1. Female gametophyte development and double fertilization
Plant gametes are, in contrast with animal gametes, not direct products of meiosis but differentiate within multicellular haploid generations, the male and the female gametophytes. In flowering plants (angiosperms), the gametophytic generations are reduced to a few cells that are located within the diploid sporophytic tissues of the flower.
The female gametophyte (or embryo sac) is enclosed by the ovule that is located within the ovary. In Arabidopsis, the female gametophyte originates from a single haploid spore (functional megaspore), which undergoes three free nuclear divisions to develop into an eight-nucleate syncytium. Following cellularization, the distinct haploid cell types of the female gametophyte are formed: Two female gametic cells, the egg cell and the central cell, which are flanked by accessory cells. The large vacuole of the central cell occupies the central region of the female gametophyte. Two synergid cells neighbour the egg cell at the micropylar end of the female gametophyte, while three antipodals are adjacent to the central cell at the chalazal end (Sprunck & Groß-Hardt, 2011).
Double fertilization
Fertilization in flowering plants is unique among all known organisms in that not one, but two, female reproductive cells are fertilized in a process called double fertilization. A complex mechanism involving two male gametes (sperm cells) and two female gametes (egg cell and central cell) results in two distinct fertilization products, the diploid embryo and the triploid endosperm. Both fertilization products are required to achieve successful seed development.

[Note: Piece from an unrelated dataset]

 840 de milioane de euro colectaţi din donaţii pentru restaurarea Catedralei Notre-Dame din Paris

During double fertilization, the two non-motile sperm cells are transported as a pair by the growing pollen tube, which is guided through the style and the transmitting tract of the pistil to the ovule (A). Finally, the pollen tube grows through the micropyle of the ovule into the embryo sac (B), where two female gametes (egg cell and central cell) are located. After pollen tube burst, the sperm cell pair is released towards a cleft between the egg and central cell. One sperm cell fuses with the egg cell, while the second sperm cell fuses with the central cell (C), resulting in two distinct fertilization products: the embryo and the endosperm.
In contrast with the molecular events involved in guided pollen tube growth and sperm cell delivery into the female gametophyte, almost nothing is known about later processes, covering the phase from sperm cell release until gamete fusion (plasmogamy) (Sprunck, 2010). Within minutes after a sperm cell pair is delivered, each one of the sperm cells fuse with one of the female gametes to initiate seed development in a coordinated manner. Attempts to elucidate these issues at the cellular and molecular levels are hampered by the fact that angiosperm gamete interactions are short-lived events, taking place deeply embedded in the maternal tissues of the ovule and ovary.

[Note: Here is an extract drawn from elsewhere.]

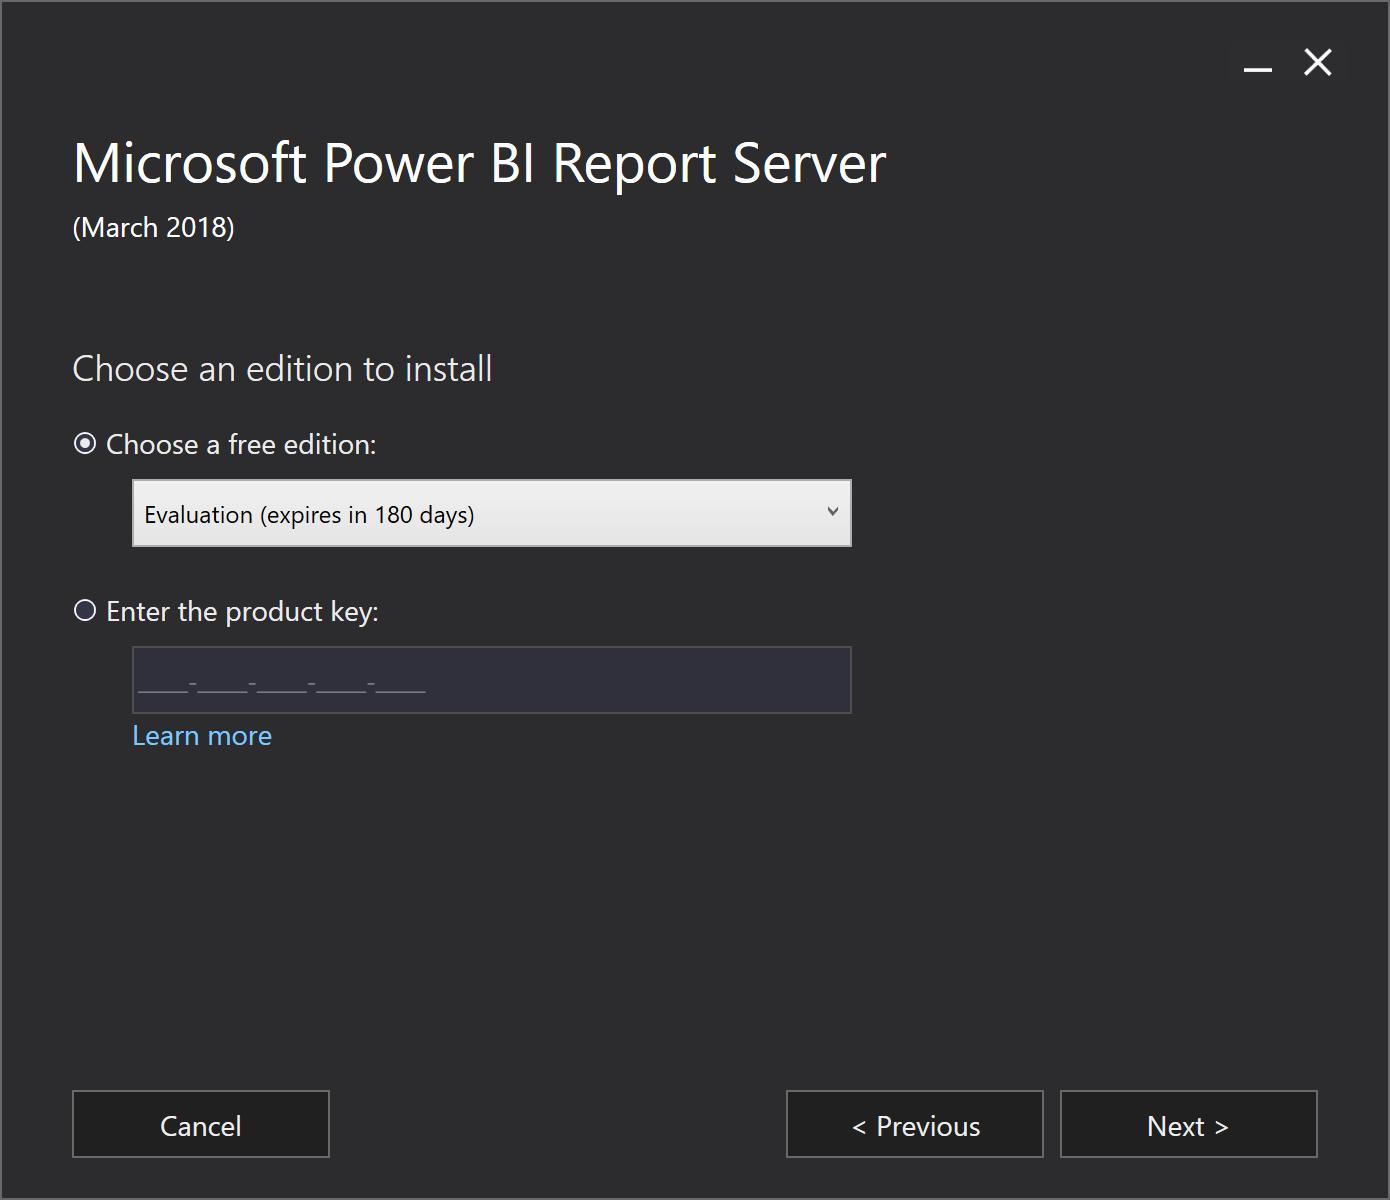 Power BI Report Server

2. Monitoring male-female gamete interactions in Arabidopsis
Using our expression data derived from egg cells and central cells from wheat (Sprunck et al., 2005), we identified gamete-specific genes and their putative orthologs in Arabidopsis. We used the corresponding promoter regions to generate ß-glucuronidase (GUS) and green fluorescent protein (GFP) marker lines for the Arabidopsis egg cell, the central cell, and synergid cells. The green fluorescent ARO1 marker (Gebert et al., 2008) labels the egg cell cytoplasm (EC) in ovules at maturity, while the green fluorescent EC1.1p:NLS-3xGFP marker is specifically expressed in the egg cell nucleus (ECN). These and new membrane marker lines now serve as important tools to investigate gamete interactions on the cellular and molecular level. The interaction of the gametes can be observed microscopically, when our marker lines are pollinated with sperm cell membrane marker lines (Sprunck et al., 2012), or the previously published red fluorescent sperm nucleus marker line HTR10-mRFP1 (Ingouff et al., 2009).
Currently, these marker lines are used to study mutants that have been generated in our group, showing defects during double fertilization.
3. Cell surface molecules involved in gamete recognition and/or fusion
Male-female gamete recognition, adhesion, and fusion encompass the most intimate steps during fertilization. Nevertheless, the knowledge about molecules that act on the cell surface of flowering plant gametes is scarce.
We identified a cluster of egg cell-specific transcripts in our expression data from wheat egg cells (EC-1) that encode secreted small cysteine-rich EC1 proteins (Sprunck et al., 2005). Five genetically redundant EC1 genes (EC1.1 to EC1.5) are present in the genome of Arabidopsis thaliana. Functional studies revealed that egg cell-secreted EC1 proteins are essential for the sperm cells to gain fusion competence (Sprunck et al., 2012, Rademacher and Sprunck, 2013).
Currently, we are analyzing our transcriptome and proteome data to identify more cell surface proteins which are involved in male-female gamete recognition, adhesion, and fusion.
The main aims and research questions of this project are:
- Which molecules on the cell surface of female and male gametes mediate gamete recognition, adhesion and fusion in flowering plants?
- How do the egg cell-secreted EC1 proteins act on the molecular level?
- Are there species-specific gamete interaction mechanisms in flowering plants?